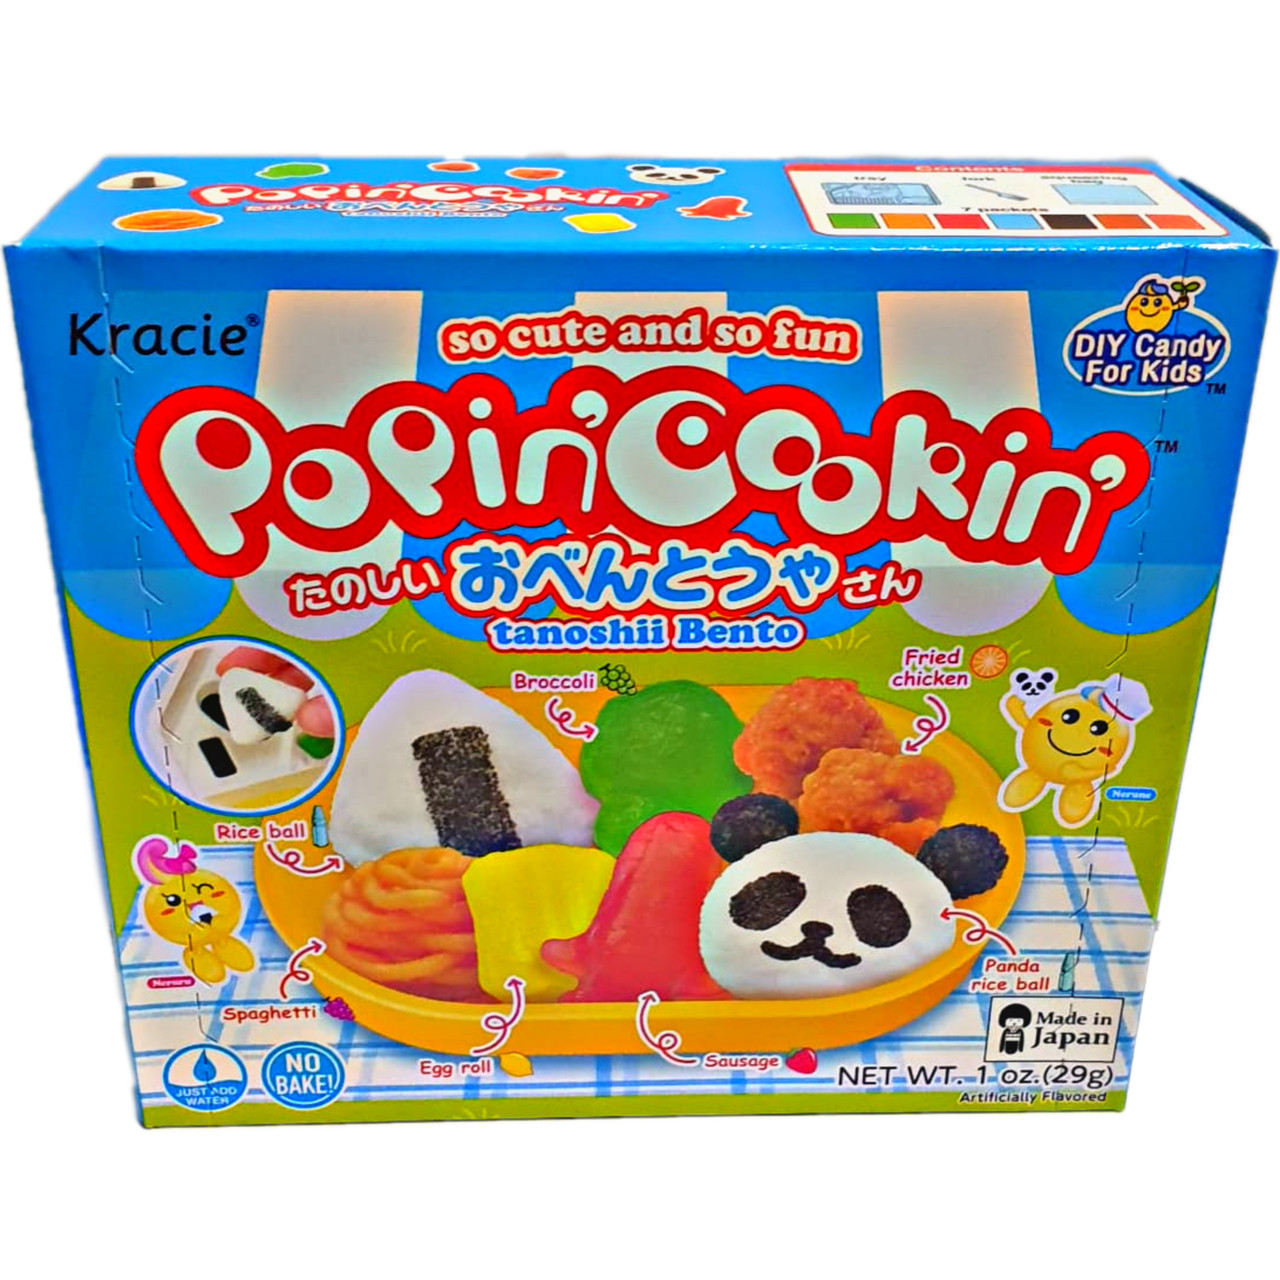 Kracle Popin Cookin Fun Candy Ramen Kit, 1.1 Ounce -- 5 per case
______________________________
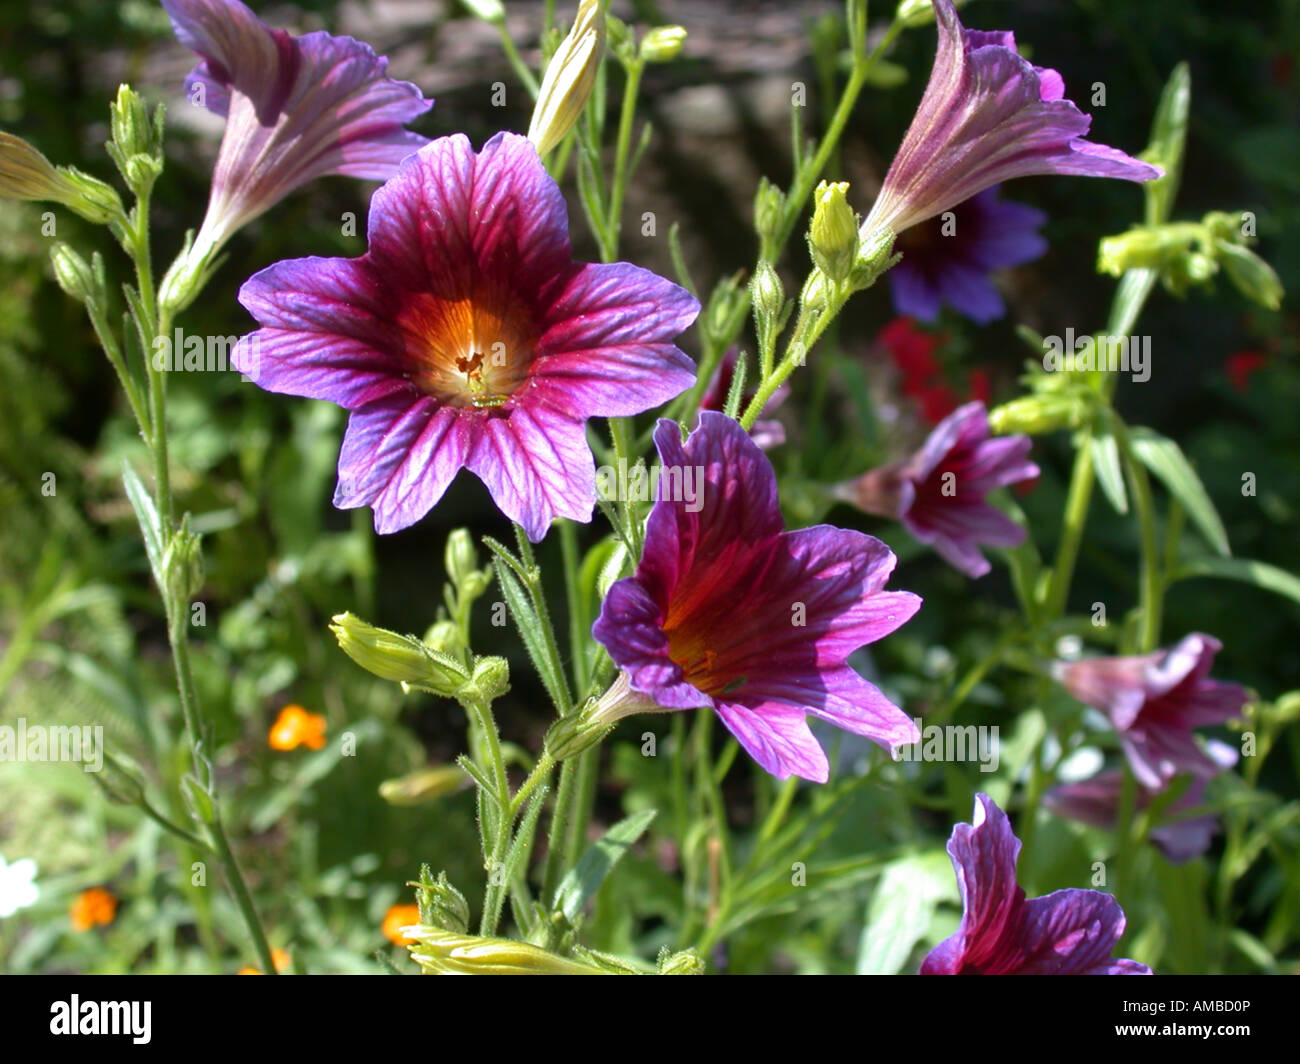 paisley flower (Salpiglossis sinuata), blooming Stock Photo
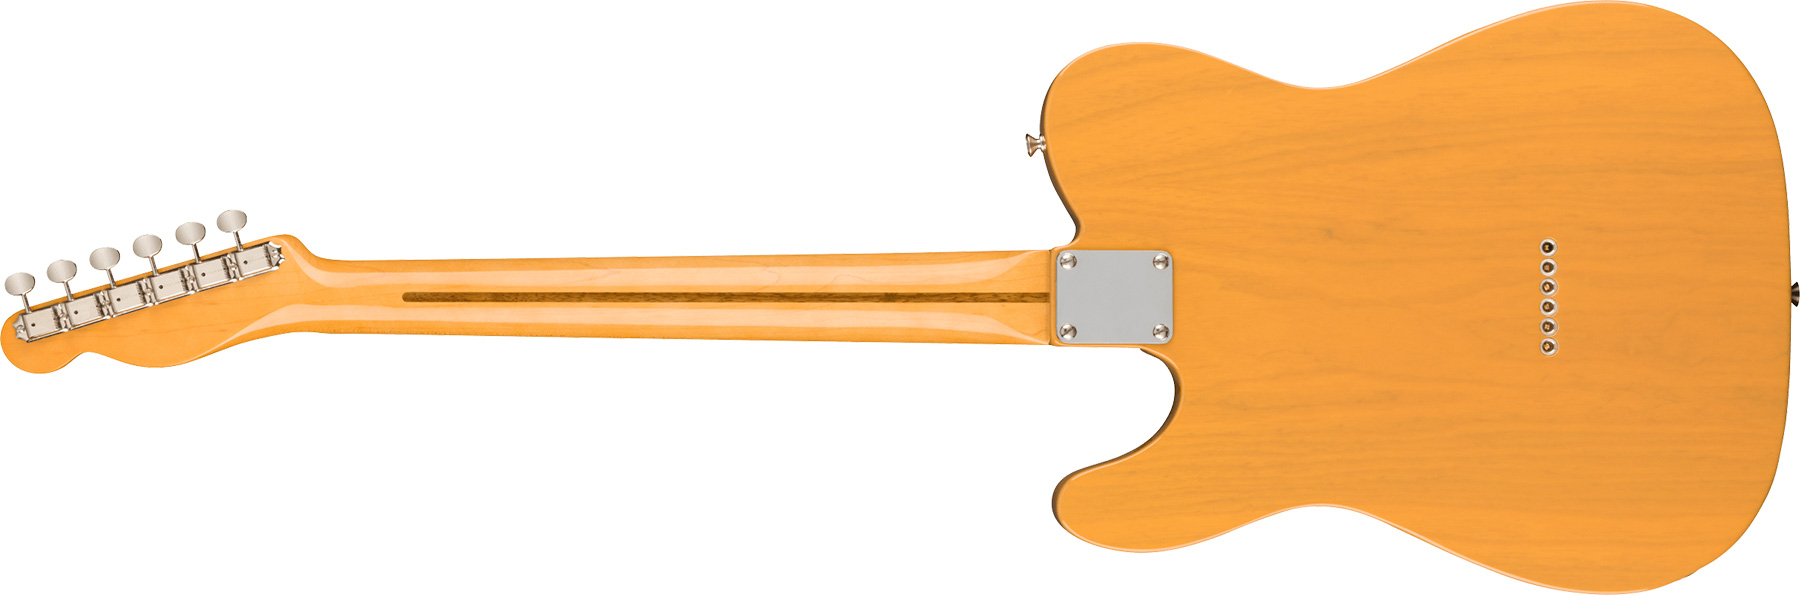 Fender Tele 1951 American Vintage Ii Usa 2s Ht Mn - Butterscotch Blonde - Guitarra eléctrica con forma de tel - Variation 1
______________________________
WHAT THIS TASK INVOLVES:
Print, word for word, the lines above that run from the line containing "paisley flower (Salpiglossis" to the line containing "Fender Tele 1951", both included. Keep the pictures out.

RESULT OF THIS EXERCISE:
 paisley flower (Salpiglossis sinuata), blooming Stock Photo
 Fender Tele 1951 American Vintage Ii Usa 2s Ht Mn - Butterscotch Blonde - Guitarra eléctrica con forma de tel - Variation 1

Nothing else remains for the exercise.